• [Work to complete]
Starting at the line that contains "浦发银行郑州分行成立18周年logo及主视觉" and stopping at the line that contains "广州锦泰荣网络科技有限公司商", restate each line of the records below exactly. Omit the pictures.

• [Data records]
----------
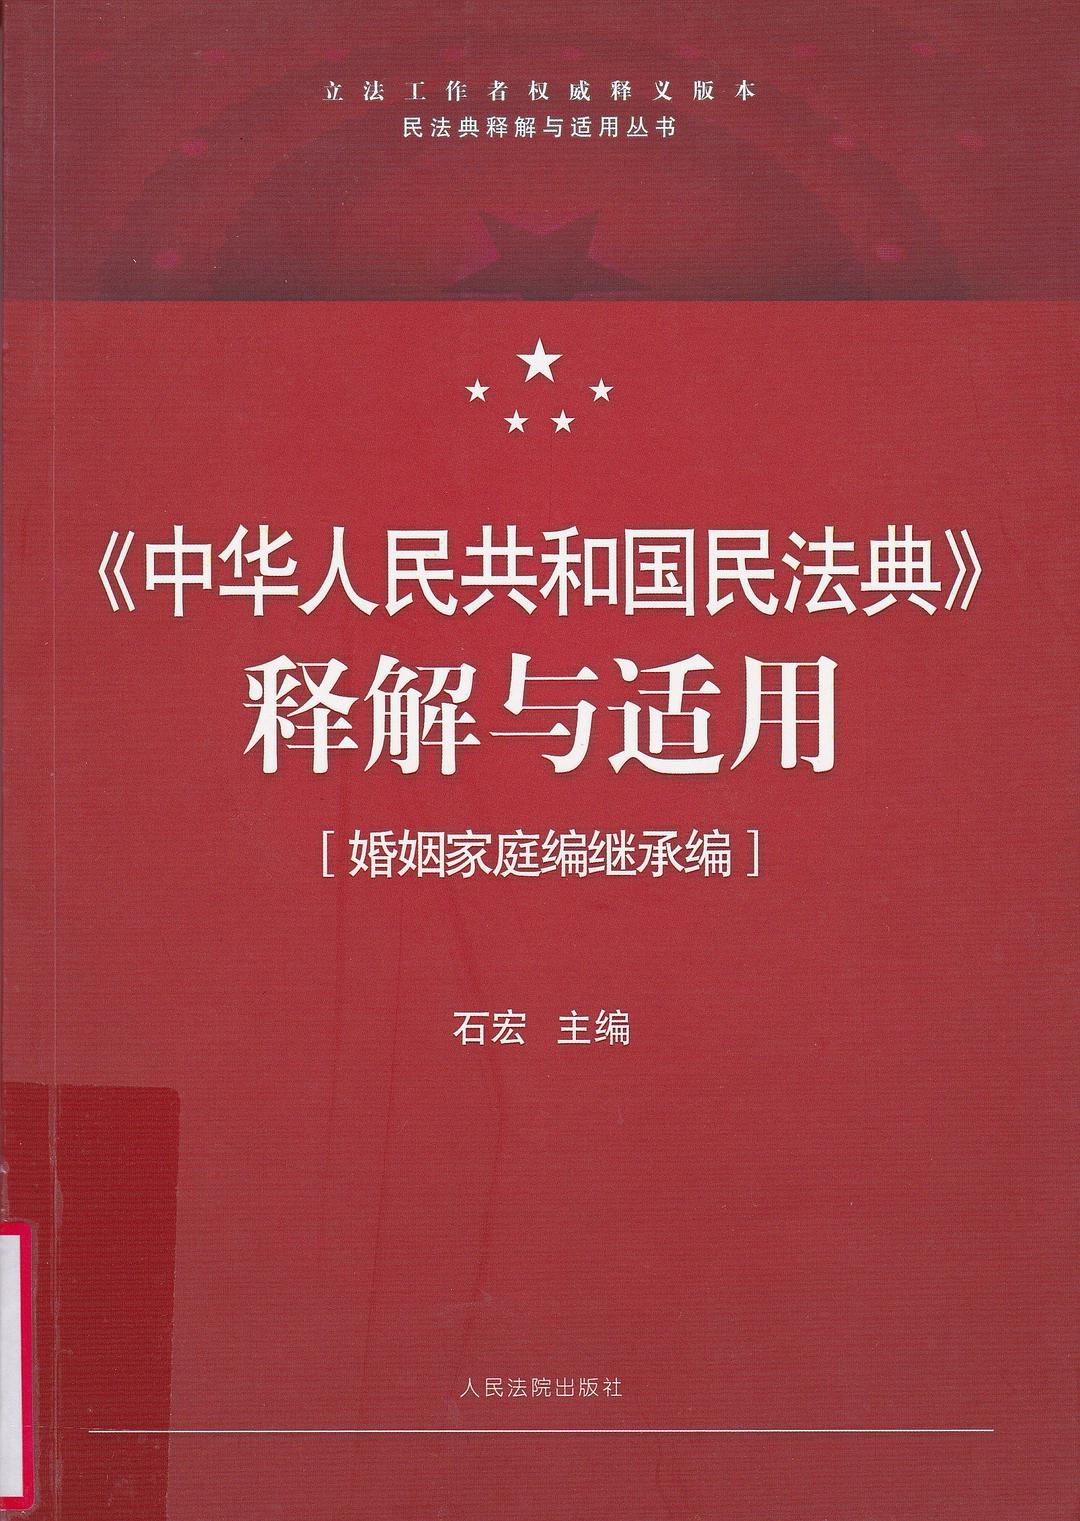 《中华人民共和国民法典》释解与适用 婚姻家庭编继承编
----------
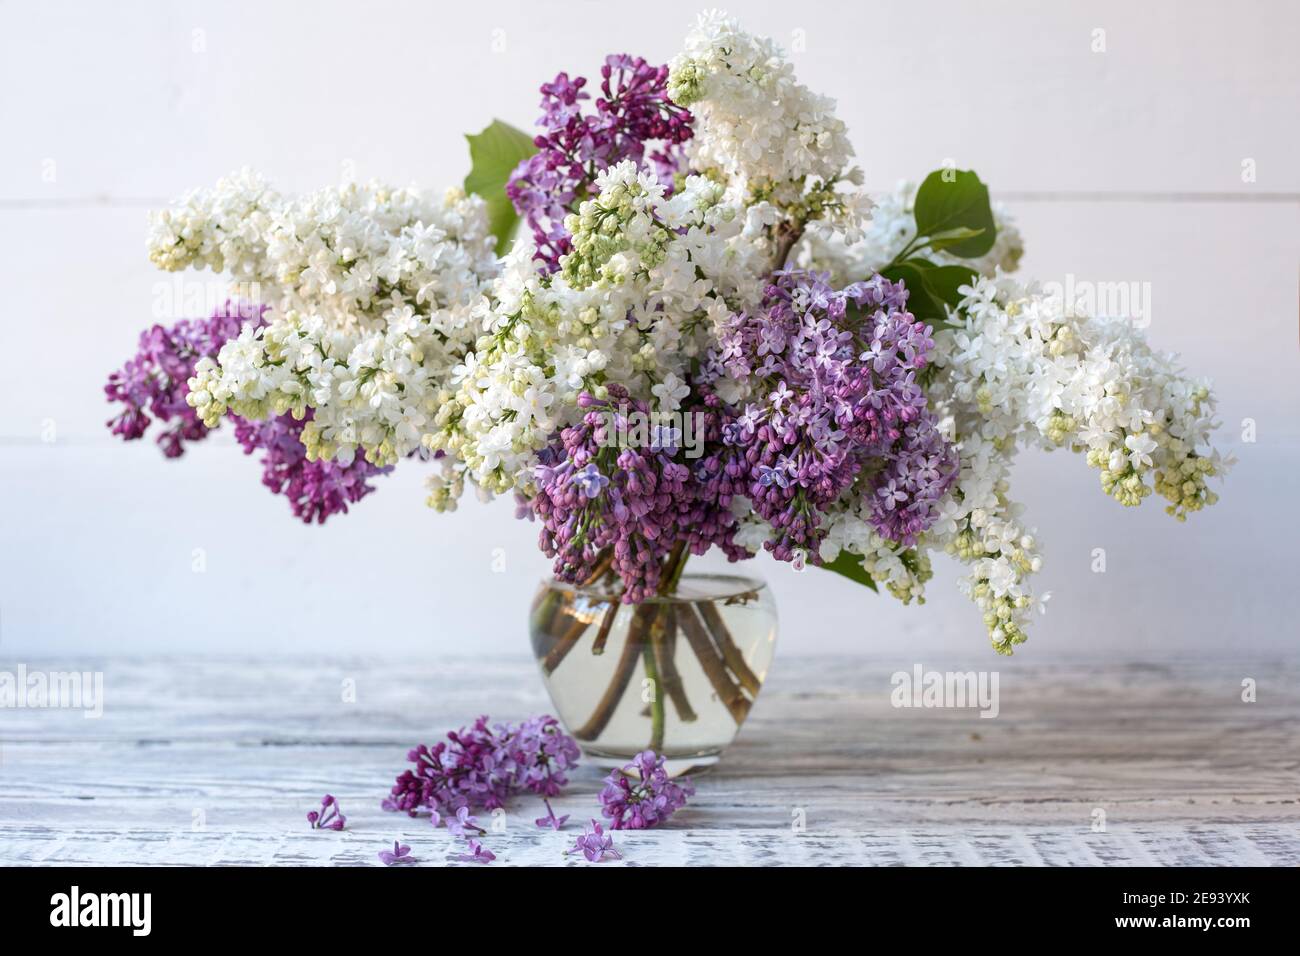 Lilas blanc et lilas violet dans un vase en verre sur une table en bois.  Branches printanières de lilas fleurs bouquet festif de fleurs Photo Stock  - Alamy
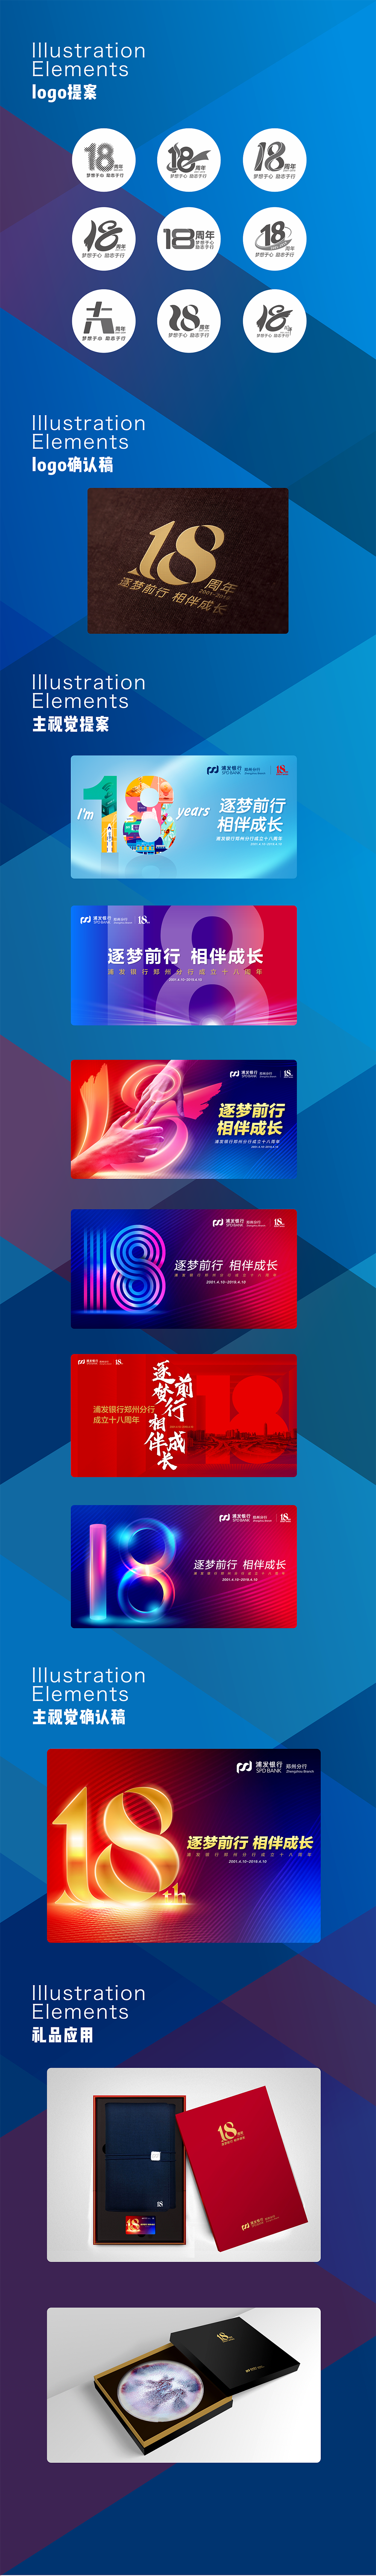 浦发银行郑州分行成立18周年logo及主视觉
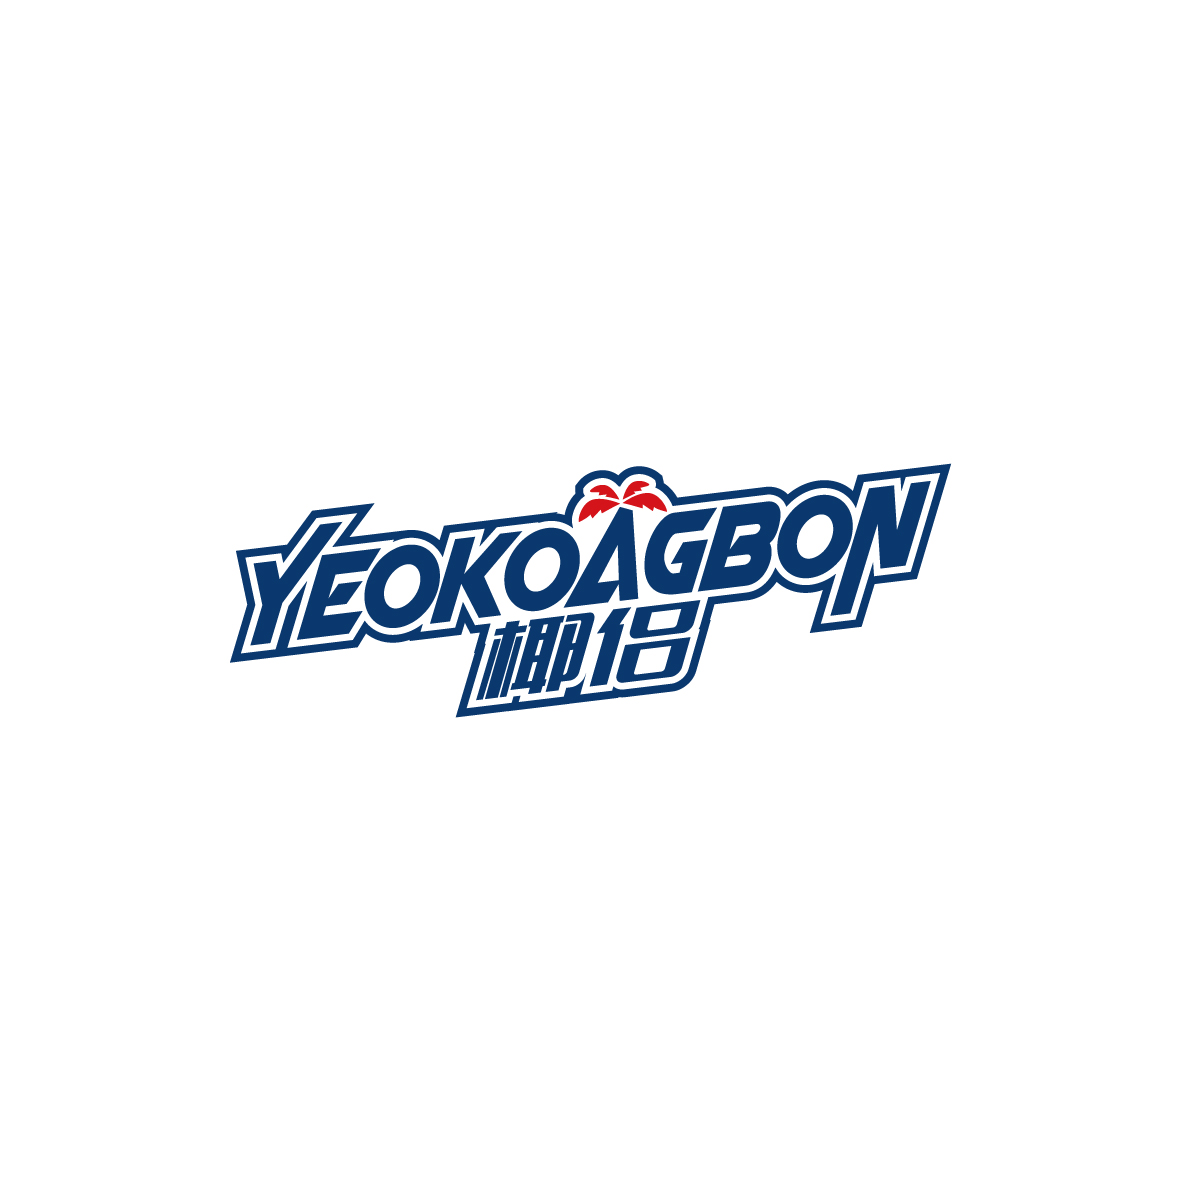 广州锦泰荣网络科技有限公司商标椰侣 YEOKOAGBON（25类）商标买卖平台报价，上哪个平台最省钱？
----------
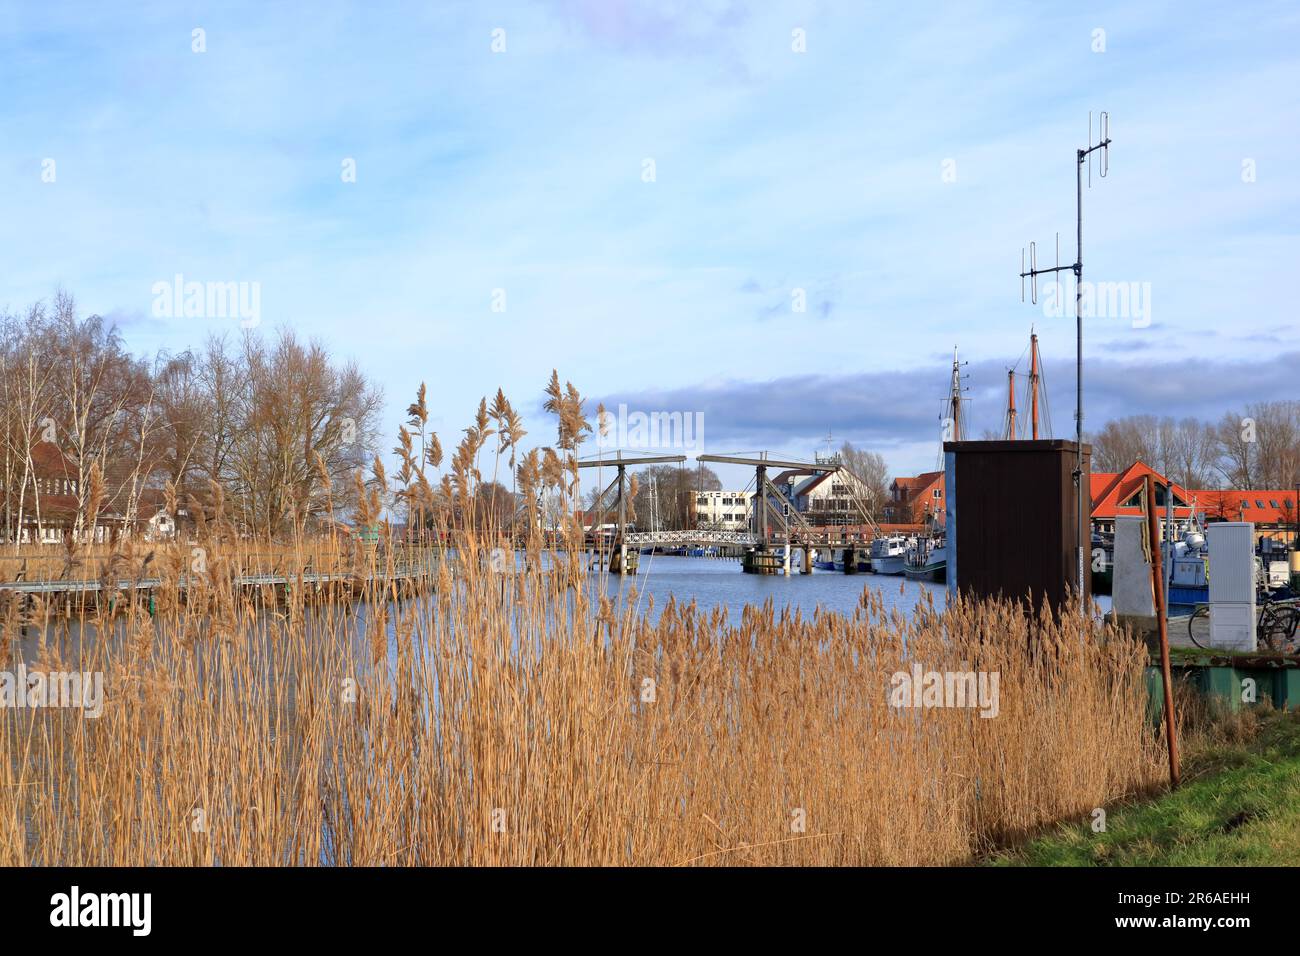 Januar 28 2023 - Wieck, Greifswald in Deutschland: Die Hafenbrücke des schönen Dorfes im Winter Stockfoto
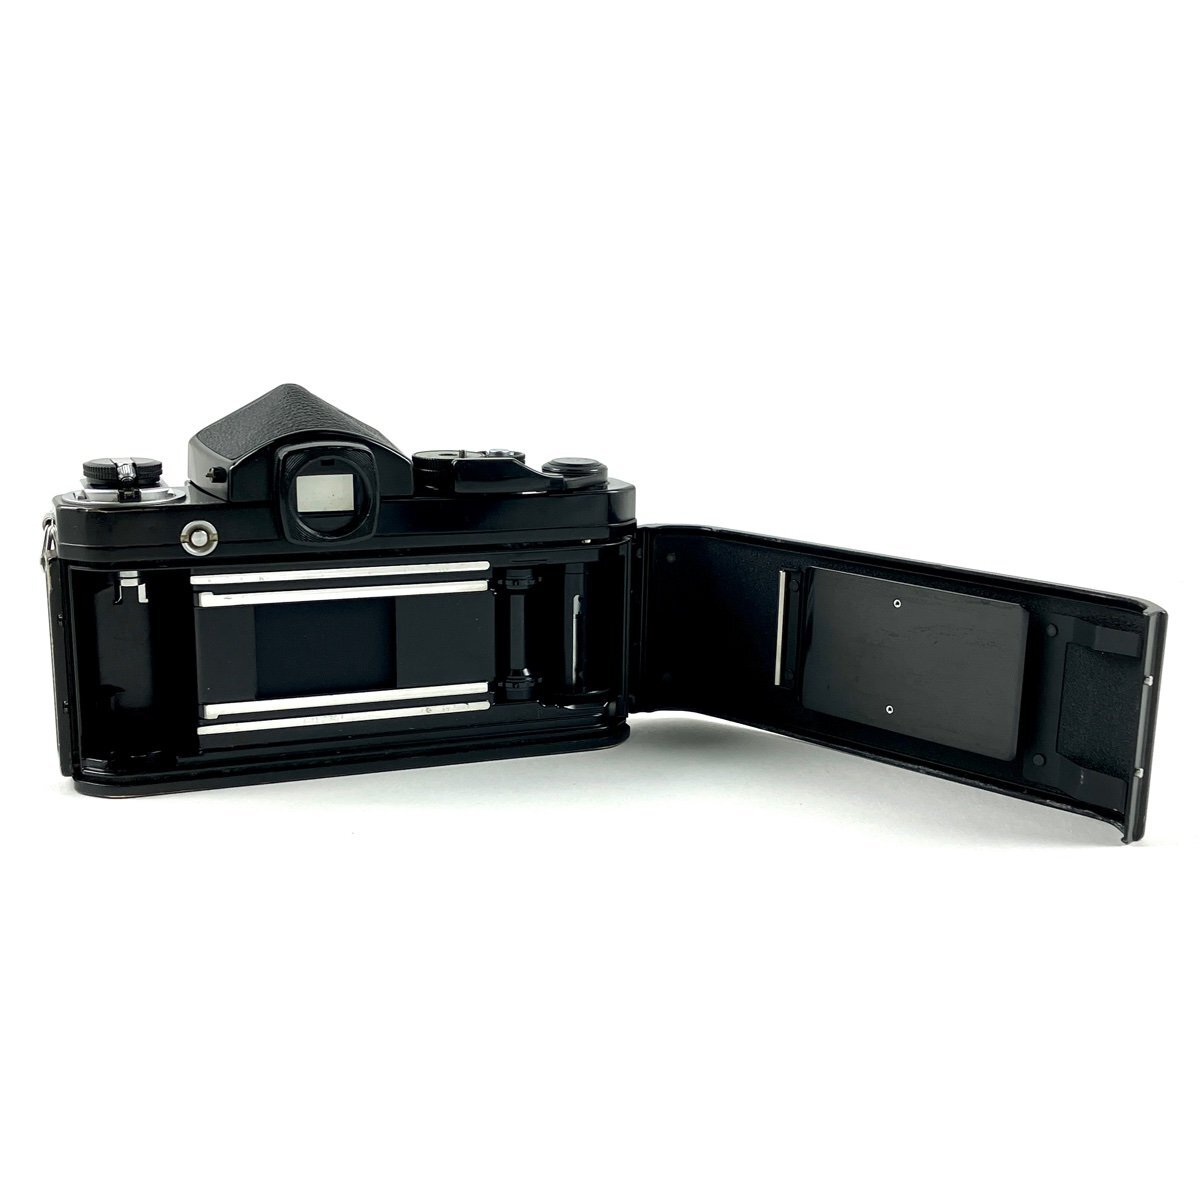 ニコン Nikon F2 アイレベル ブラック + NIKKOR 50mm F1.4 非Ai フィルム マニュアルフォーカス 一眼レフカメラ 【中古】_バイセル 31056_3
----------
• [Solution to this exercise]
 浦发银行郑州分行成立18周年logo及主视觉
 广州锦泰荣网络科技有限公司商标椰侣 YEOKOAGBON（25类）商标买卖平台报价，上哪个平台最省钱？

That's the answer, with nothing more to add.